# 16 yr old - what size motorcycle engine can they drive



## shootingstar (7 Feb 2010)

Hi all our 15 year old "informed" us hes buying a 125 for his 16th birthday... (we decided against commenting to him until we knew the correct facts). My understanding was they can only drive a 50cc scooter? Im obviously open to be corrected and *HOPING *to be corrected...

He mentions something about kilowatts and engine power blah blah blah it went straight over my head tbh!


----------



## gipimann (7 Feb 2010)

A 16 year old can get an A1 learner permit (provisional licence) which will entitle him to ride any bike which is under 11kw and up to 125cc.

Here's a link to the Citizens Information page.

[broken link removed]

The bigger problem he'll have is insurance - expect to be quoted a four-figure sum as a 16 yo on a 125cc!


----------



## z107 (7 Feb 2010)

Tell him you'll buy the bike if he buys the insurance.
Problem solved.


----------



## DrMoriarty (7 Feb 2010)

Without revealing the purpose of the trip, bring him around to your nearest A&E after pub closing time on a Friday or Saturday night and let him see the state of some of the young lads they've scraped off the road that night. That's what my old man did with me.

Didn't stop me, though!


----------



## nai (8 Feb 2010)

DrMoriarty said:


> Without revealing the purpose of the trip, bring him around to your nearest A&E after pub closing time on a Friday or Saturday night and let him see the state of some of the young lads they've scraped off the road that night. That's what my old man did with me.
> 
> Didn't stop me, though!



i don't think you'll find too many bikers out after pub closing time - that would be for the boy racer generation.


----------



## DrMoriarty (8 Feb 2010)

That's the problem. Careful biker + boy racer (or other fool on four wheels) = biker on the ground...


----------



## Valkstar (9 Feb 2010)

I drive a motorbike, and my recommendation would be to get him some lessons if he is intent on driving a bike.  

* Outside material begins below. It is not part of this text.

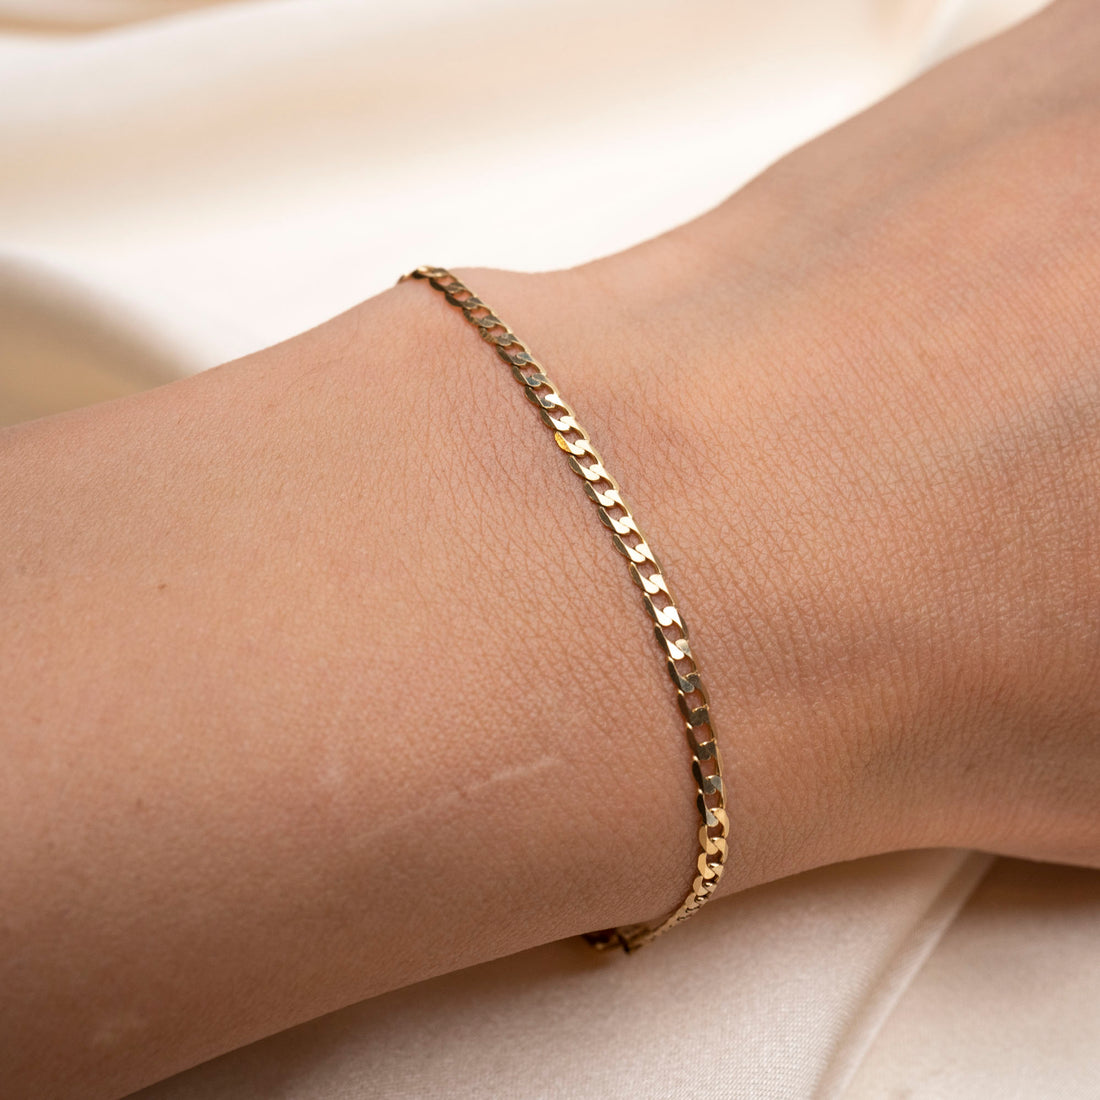 14k Gold Curb Link Bracelet

A lot of young people assume they can just buy a bike / scooter, hop on and they'll know exactly what to do!  It's not quite that easy at all!

There are a few really good registered instructors around, but it you want a recommendation you can PM me.


----------



## onq (8 Mar 2010)

I used to pace buses down Rathgar Avenue when I was a teenager - is he competent to cycle a 10-speed "racer" bicycle on the road yet?
16 is entirely too young to be letting him drive a mechanically propelled cycle unless he is mature beyond his years.
And yes, I owned a selection of bikes over a 10 year period - and fell off most of them.

Don't bother with A & E - try the "Honda Ward" in Vincents or whatever they call it now.
Blood and gore seldom turn a teenager with vim, but the sight of someone on crutches or in a wheelchair or with a set of pins through their legs just might do it.

ONQ.


----------



## bluemack (8 Mar 2010)

I ride a bike 35 now and got one when i was 17. Best thing you can do is not stop him support them. Insist if they want to get one they have to get there full bike licence, do garda course in dublin as well. and most of all buy them the right gear, a good helemet and some armour.  Fact... he will come off in the first year of riding we all do. make sure hes as safe as possible and knows what can happen.  

the parents who dont support them find there kid riding a friends bike up and down the street without a helmet lots of young people die this way.

I think he can ride a 125 I had a honda h100 small easy to ride bike to start on. once your above 50cc they all go fast enough to come off on and hurt yourself so try to stick to the safty aspects, good gear, good lid, well looked after bike, good tyres.

that being said I found I grew up a lot riding a bike so can also be a very positive thing.


----------



## pcocp (8 Mar 2010)

DrMoriarty said:


> Without revealing the purpose of the trip, bring him around to your nearest A&E after pub closing time on a Friday or Saturday night and let him see the state of some of the young lads they've scraped off the road that night.


 
waste of time.


----------



## ney001 (8 Mar 2010)

umop3p!sdn said:


> Tell him you'll buy the bike if he buys the insurance.
> Problem solved.



Don't think money is the issue!


----------



## olddog (9 Mar 2010)

DrMoriarty said:


> .................Without revealing the purpose of the trip, bring him around to your nearest A&E after pub closing time ..................



These days half an hour on youtube will give you the same result.

If all else fails Valkstar and Bluemack have the right idea.


----------